Fast forward eight months, and what has changed? Very little. Vendors still tout their abilities to generate WSDL for services to be piped from one machine to another via SOAP, which although eminently appopriate in some settings, are just as inappropriate in others. Very little attention is given to non WS-* approaches. To give credit where credit is due, however, Microsoft seems to be not only hearing the call for less heavyweight services, but answering it as well. Whether the support for REST within the Indigo stack is new as Dare implies or has been there all along, as Don Box asserts, it amounts to the same thing: Microsoft is ensuring that web service developers have a choice in what kinds of services they develop, and how they assemble them. This is what I’ve been stressing to vendors all along; it’s about choice, and if you don’t provide that choice developers will route around you. Sometimes the best choice will be the heavyweight stack, but sometimes it won’t. Kudos to Microsoft for recognizing that – this is an excellent move, IMO.

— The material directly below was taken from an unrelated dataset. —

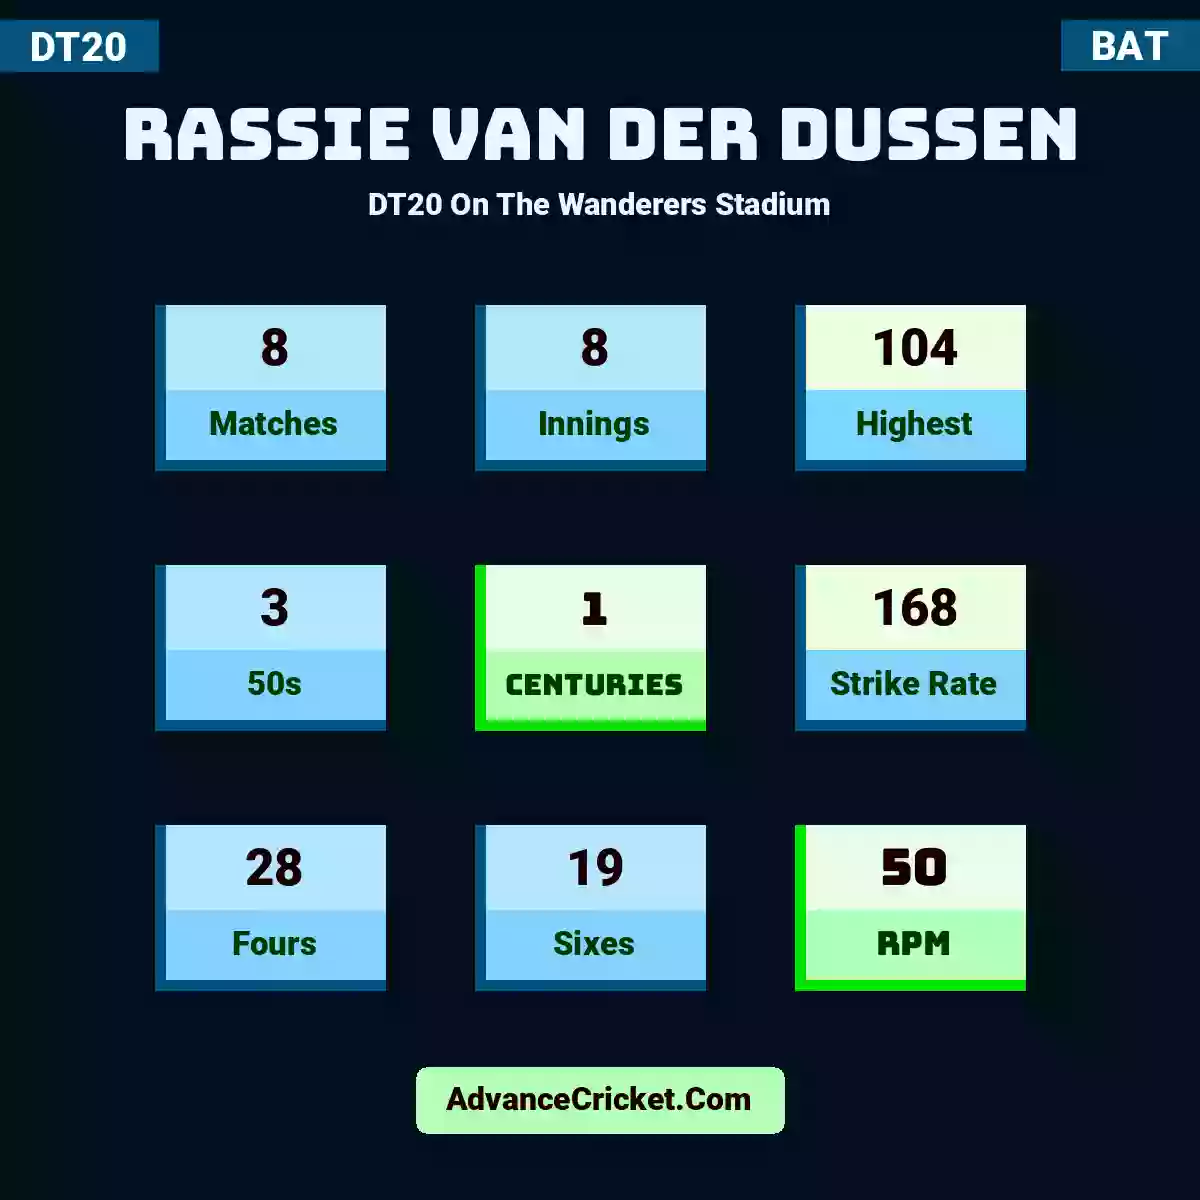 Rassie van der Dussen DT20  On The Wanderers Stadium, Rassie van der Dussen played 8 matches, scored 104 runs as highest, 3 half-centuries, and 1 centuries, with a strike rate of 168. R.Dussen hit 28 fours and 19 sixes, with an RPM of 50.

But I still think the definition of what is a service can and should be pushed further, and I was reminded of this while speaking with Michael Baum of Splunk yesterday. For those unfamiliar with these guys, they were written up by BusinessWeek’s Steve Hamm here and essentially are turning search engine like technology loose on the myriad forms and high volume of log files generated in the modern datacenter – or even the modern small home or office network. It’s an interesting concept, and one I find tremendously appealing not least because it seems eminently positionable as a drop in service, akin to what we’ve discussed with our COA Core Services. While there are a variety of ways Splunk can consume data, one approach is simply to setup a cron that drops log files onto the Splunk server. What could be simpler? No installation of agents, listeners, daemons or otherwise – just a simple log transport. Even better, the Splunk folks have done a good job of not only providing the means for third parties and individual developers to create additions and extensions to their platform, but to contibute these back to a common community (go figure – an ISV gets that it’s about community ;).

To me, Splunk’s log traversal and distillation is a service just as identity is a horizontal service used by applications all over the enterprise to provide a singular function (and as such might be very closely aligned with Aspect oriented logging, but that’s another matter). Whether or not it should be positioned that way depends on whether or not you (or your customers) believe in broader notions of services or prefer the WS-* definition, but I’d certainly give it some thought.